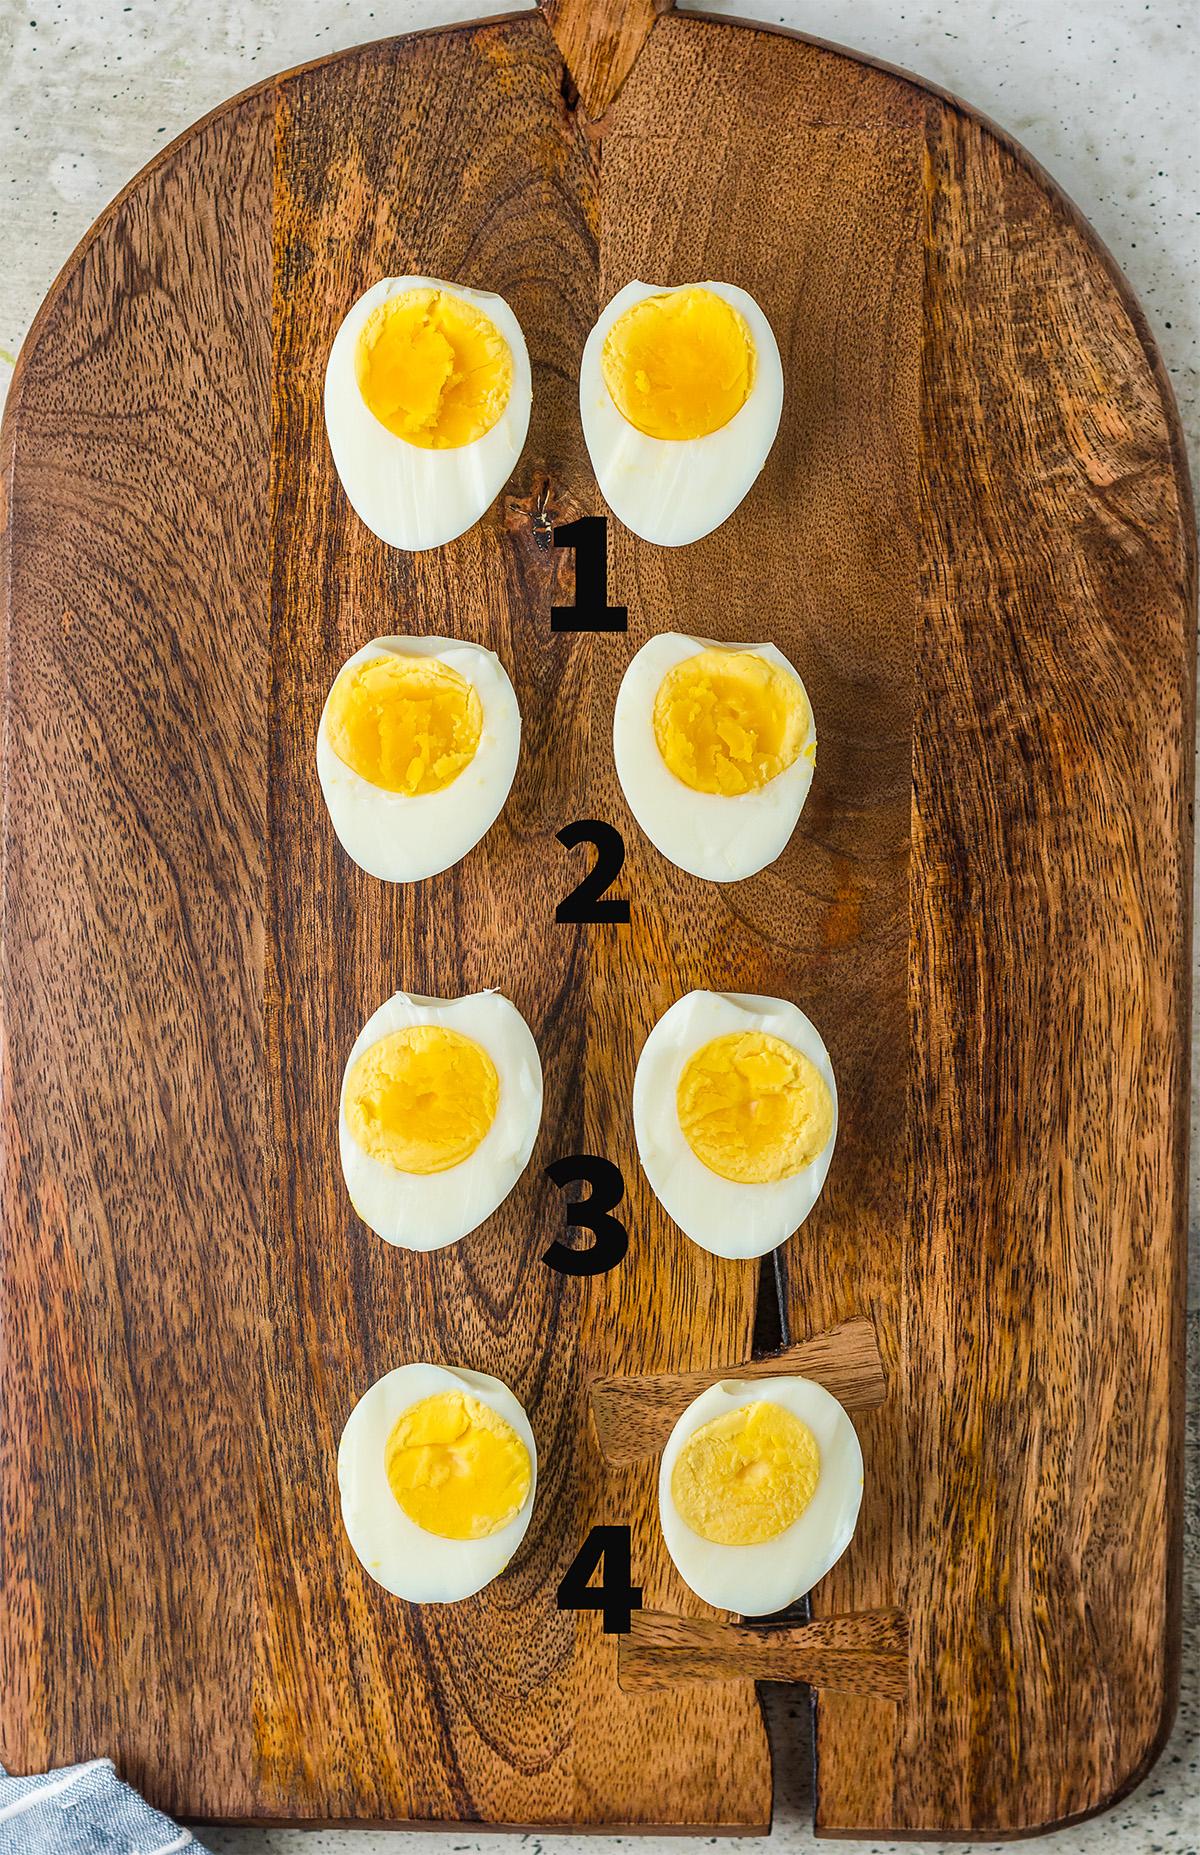 Four eggs cut in half on a wooden cutting board
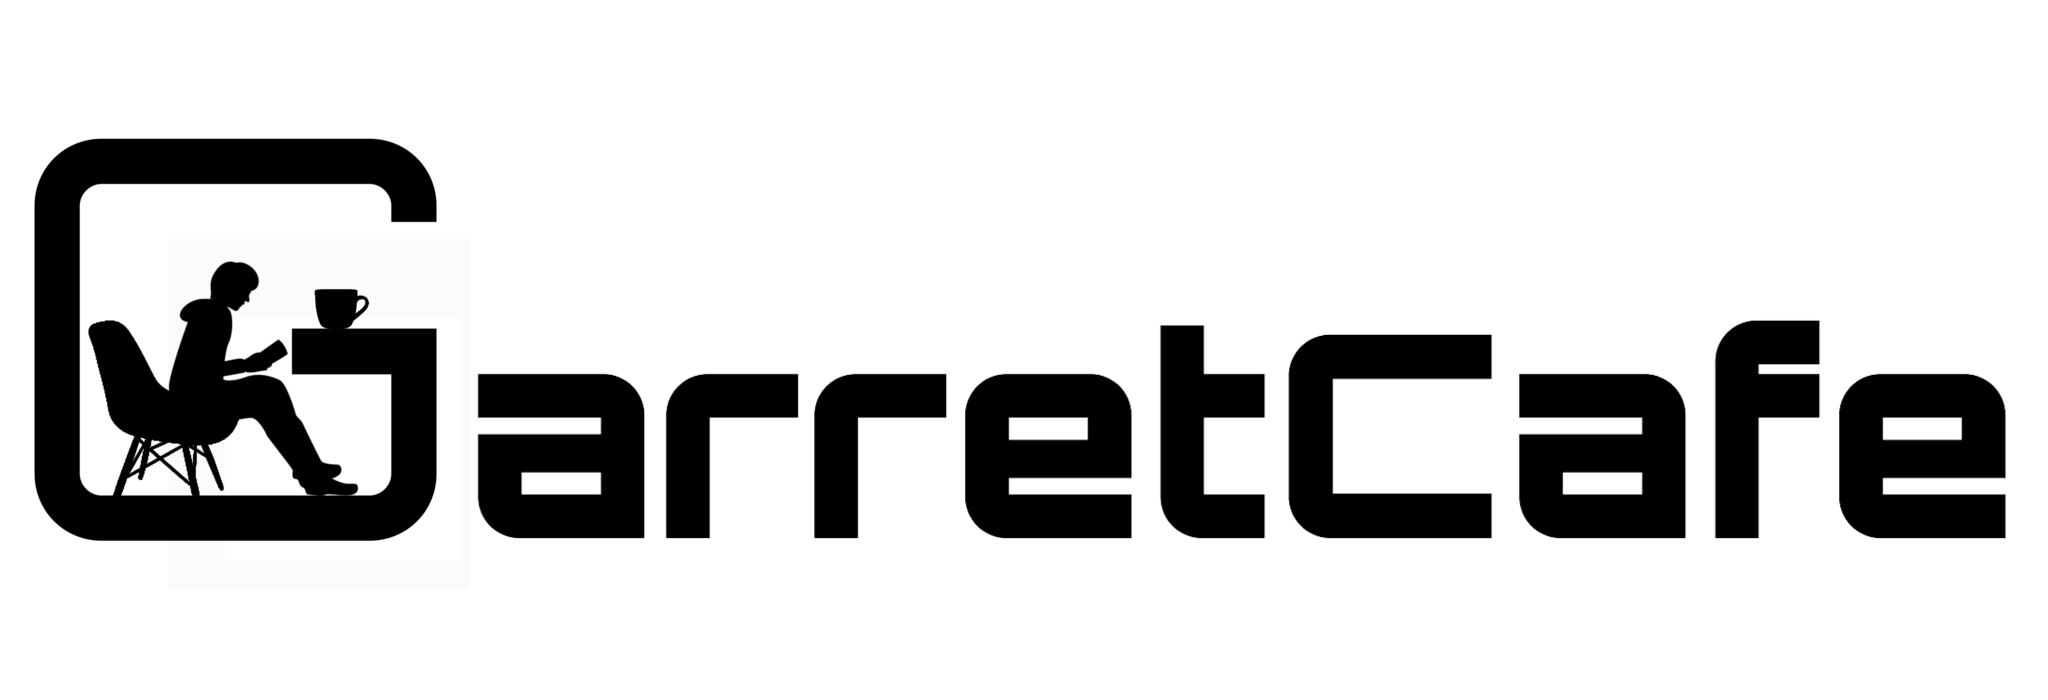 GarretCafe
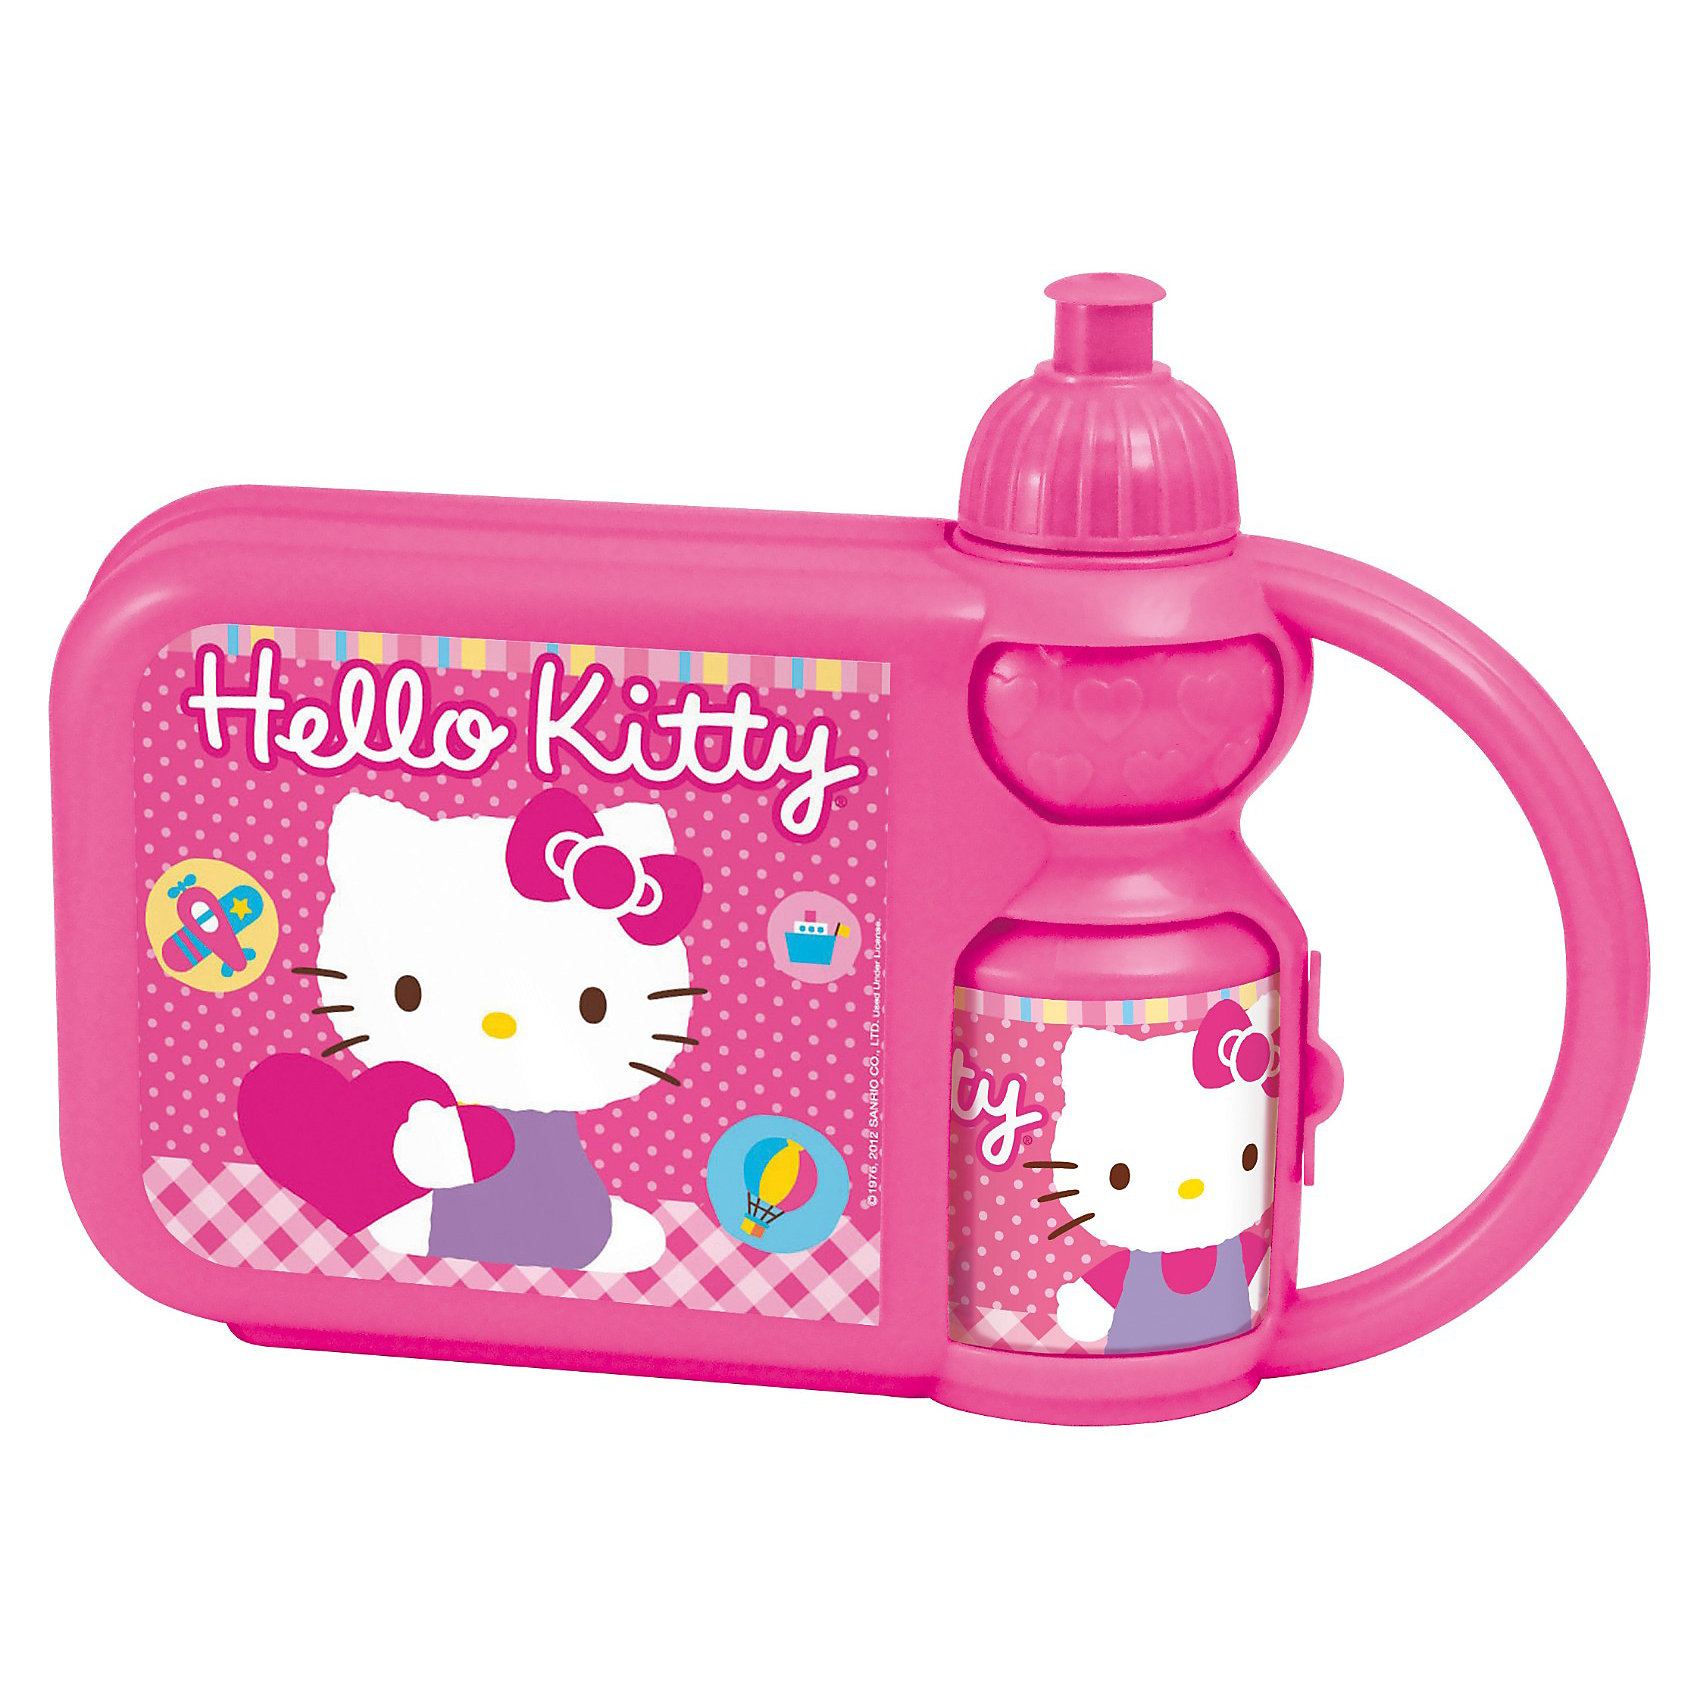 Контейнер для бутербродов с бутылкой, Hello Kitty

+ + +

● Action item:
The pictures alone are to be left out when the data above is copied; all else must match exactly.

● Answer to the problem:
 Four eggs cut in half on a wooden cutting board
 GarretCafe
 Контейнер для бутербродов с бутылкой, Hello Kitty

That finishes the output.